2,6-xylidine

Administrative data

Key value for chemical safety assessment

Additional information

Test method	Test organism	Purity	Dose range (µg/plate)	Result w/wo metabolic activation	Reference
Ames test	S.typhimurium; TA 98, 100	>99 %	500-4000	+?/-	Kugler-Steinmeier et al.(1989)
Ames test	S.typhimurium; TA 100, 1537, 98	97 %	121-1815	-/-	Zimmer et al. (1980)
Ames test	S.typhimurium; TA 1535, 1537	97 %	3.6-3600	-/-	Florin et al. (1980)
Ames test	S.typhimurium TA 97, 98, 100, 102	nd	nd	+?/-	Kimmel et al. (1986)
Ames test	S.typhimurium; TA 100	99 %	1-1000	-/-	Hartman et al. (1979)
Ames test	S.typhimurium; TA 97, 98, 100, 1535, 1537	nd	10-3333	+?/-	Zeiger et al.(1988)
SCE test	CHO cell line WB 1	nd	33-1510	+/+	Galloway et al. (1987)
Chromosome aberration	CHO cell line WB 1	nd	900-1400	+/+	Galloway et al. (1987)
Mouse lymphoma test	L5178 lymphoma cells	nd	nd	+/+	Rudd et al. (1983)
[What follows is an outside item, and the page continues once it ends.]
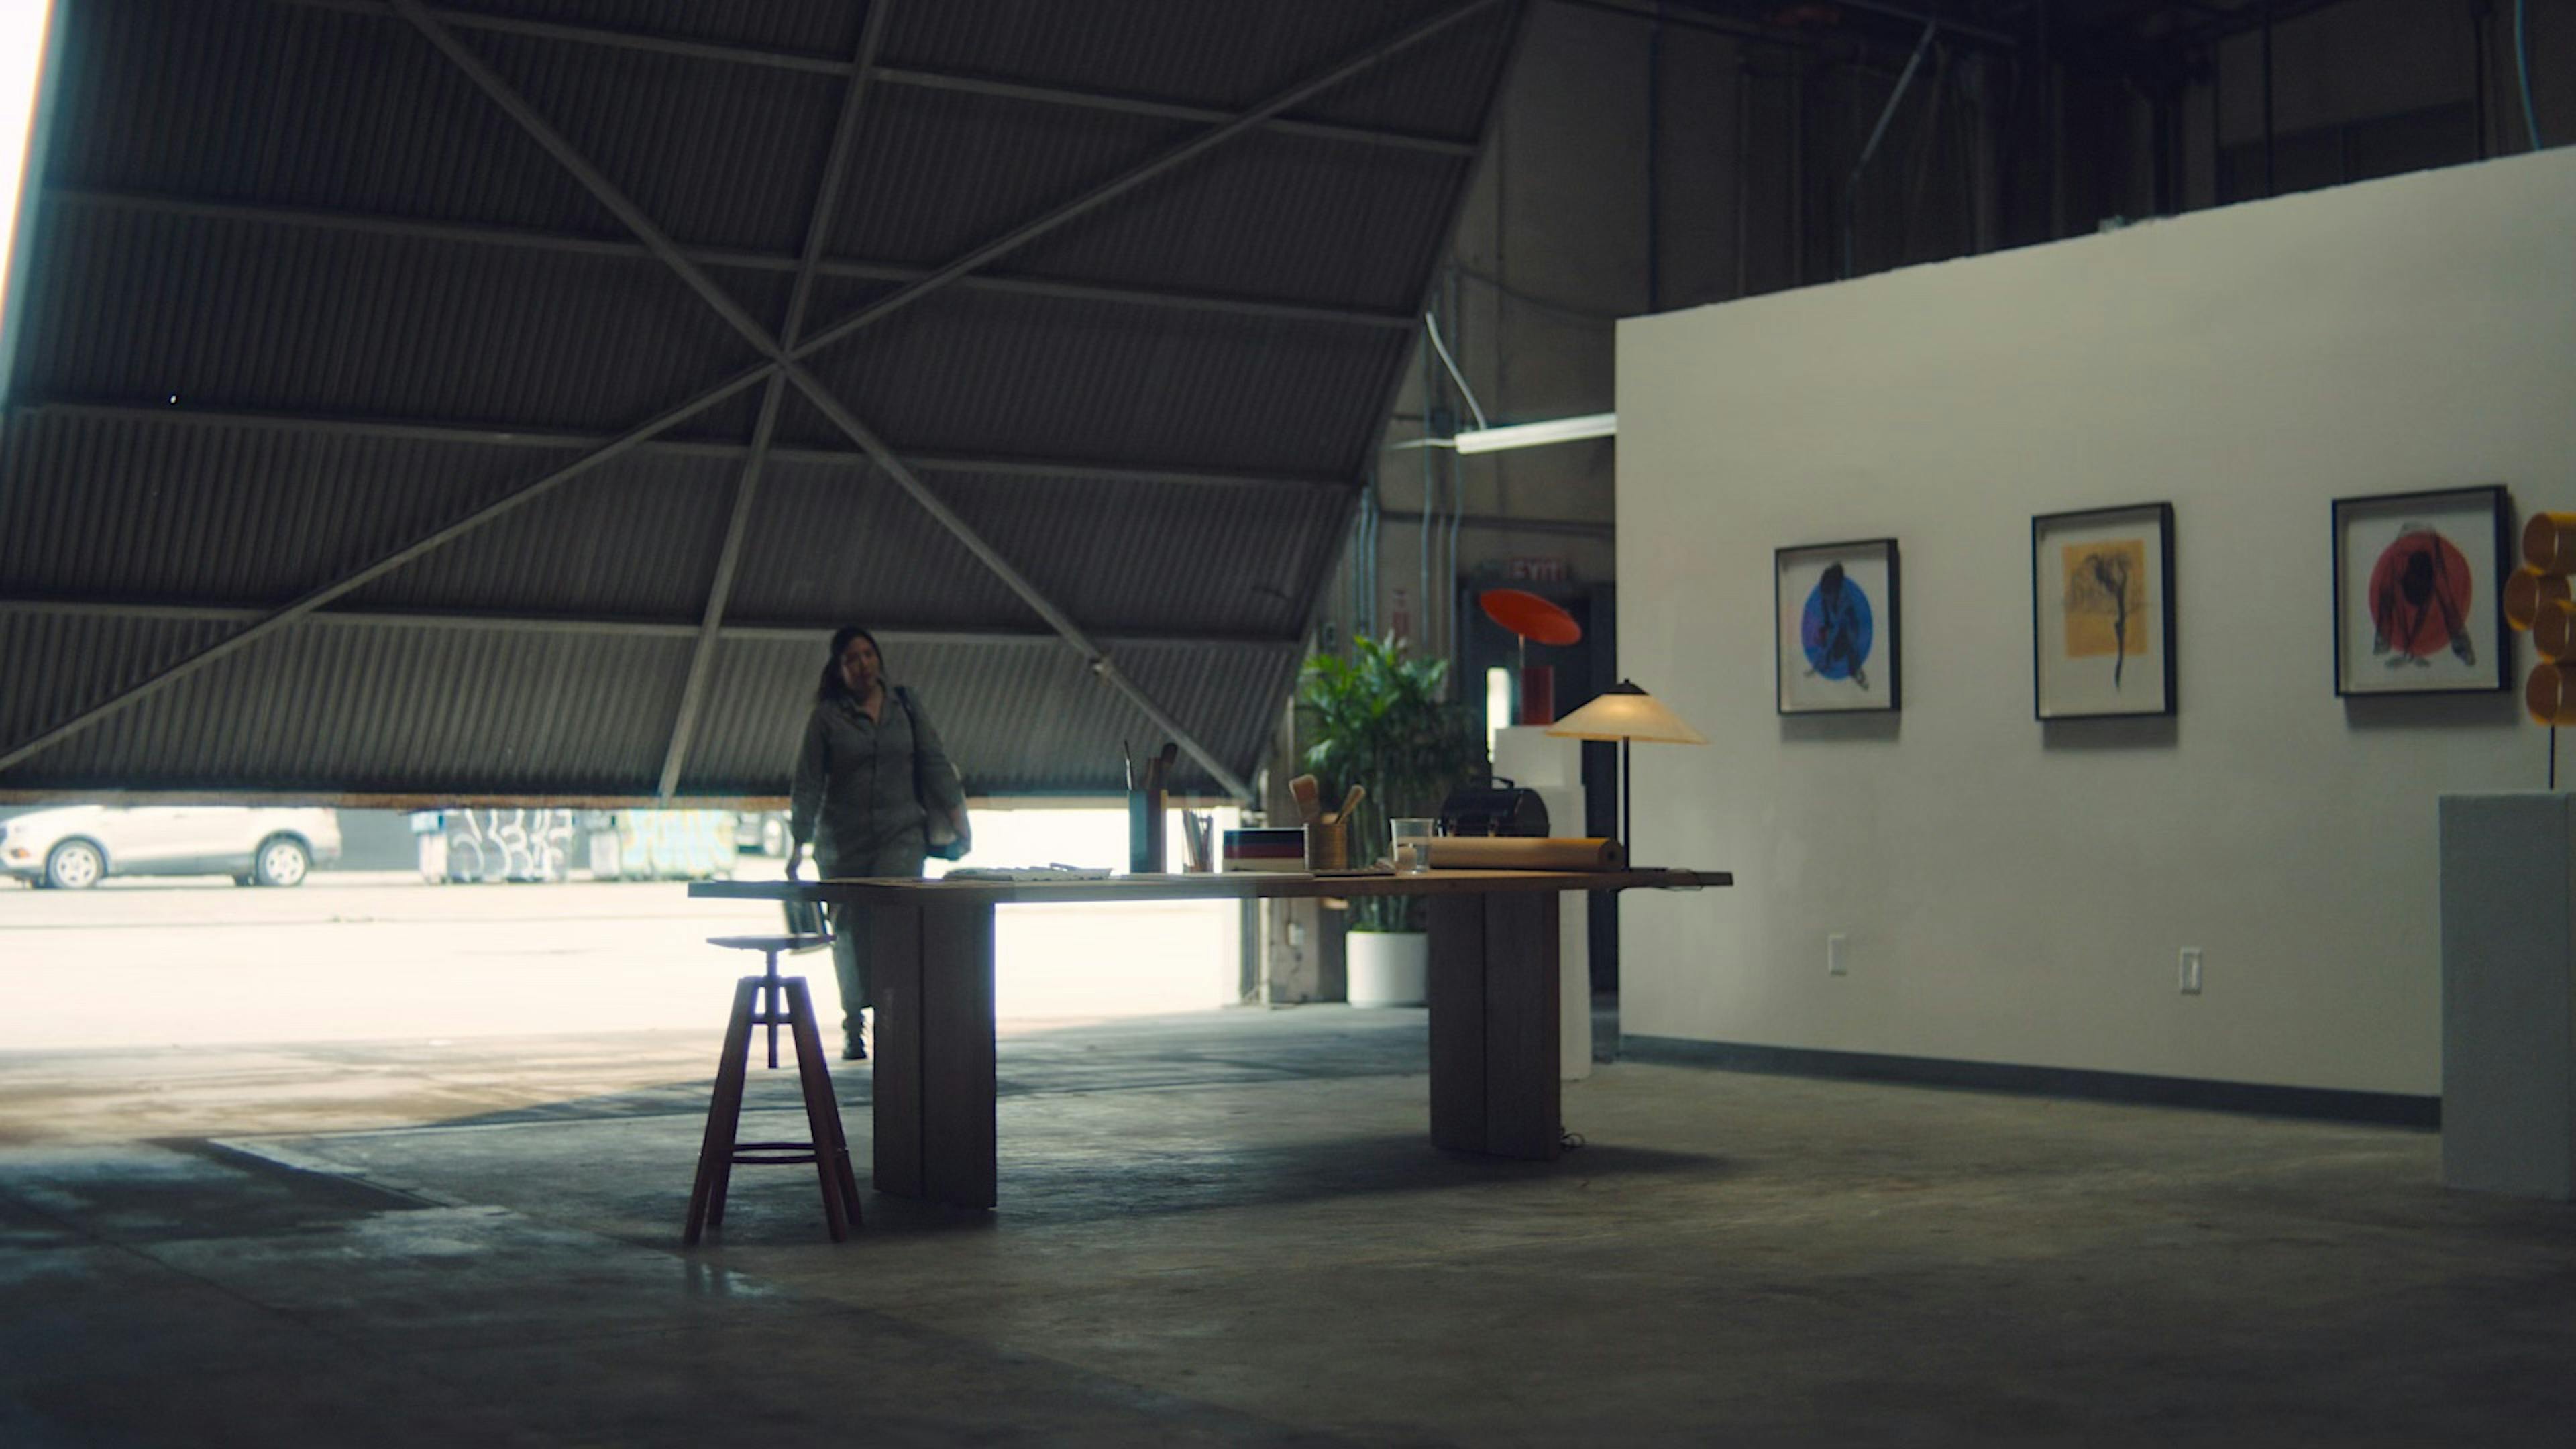 Artist walks into a garage/gallery space

Short description of key information:
Gene mutation in bacteria
A number of studies were done by different authors to investigate the mutagenic capacity of the test substance in bacteria. In the Ames test for 2,6-xylidine only a weak mutagenic effect, or no effect at all was found. An overview of the results is given in the table below.

Gene mutation in mammalian cells
Actually, there is no information available

Cytogenicity in mammalian cells
In mammalian cells 2,6-xylidine was investigated in a Sister chromatoid exchange assay and a chromosome aberration assay both in the CHO cell line WB1. In both assays the test substance showed positive effects with or without metabolic activation (Galloway, et al.).

Other studies
Actually, there is no information available.

Cytogenicity in vivo
2,6-xylidine gave negative results in the in vivo micronucleus test in mice following oral administration. 2,6-xylidine was given either once in doses of up to 350 mg/kg (Parton et al., 1988) or one to three times (at daily intervals) in doses of up to 375 mg/kg (Parton et al., 1990). In both studies no cytotoxic effects on the bone marrow were observed (PCE/NCE ratio). 2,6-xylidine induced no genetic effect in the recessive-lethal test with Drosophila melanogaster (Zimmering et al., 1989). 2,6-Xylidine brought about no DNA repair (UDS) in the hepatic cells of rats following oral administration of doses up to 850 mg/kg in vivo (Mirsalis et al., 1989). Oral application of 200 mg/kg 2,6-xylidine (Seiler, 1977) to male mice had no effect on the testicular DNS synthesis. Covalent binding of 2,6-xylidine to the DNA of hepatic cells and epithelial cells of the nasal cavity was examined in male rats 24 hours after i.p. application of 14C-2,6-xylidine. The binding index was calculated at 0.6, or was below the sensitivity limit of the method. However, pretreatment with non-labelled 2,6-xylidine for nine days (oral administration of 262.5 mg/kg once daily) led to a significant increase in the binding index to 41.9 for tissue ...

Endpoint Conclusion:

Justification for classification or non-classification

With respect to mutagenicity there are negative (Ames with rat and also hamster S-9 mix which is more effective in activation of aromatic amines (2), DNA damage and repair) and positive (SCE, chromosome aberration, mouse lymphoma) in vitro tests, yet all in vivo tests (SLRL in Drosophila mel., micronucleus test, UDS test, host-mediated assay) were negative. DNA binding in pretreated rats (9 days with 262.5 mg/kg/d cold material) after i.p. administration was found in liver (slight, CBI 7 .9) and nasal turbinates (moderate, CBI 41.9), whereas a single application was negative; thus, only after massive repeated application of the test substance DNA binding occurred.

 

A classification with respect to mutagenicity is not warranted according to EU and GHS classification criteria.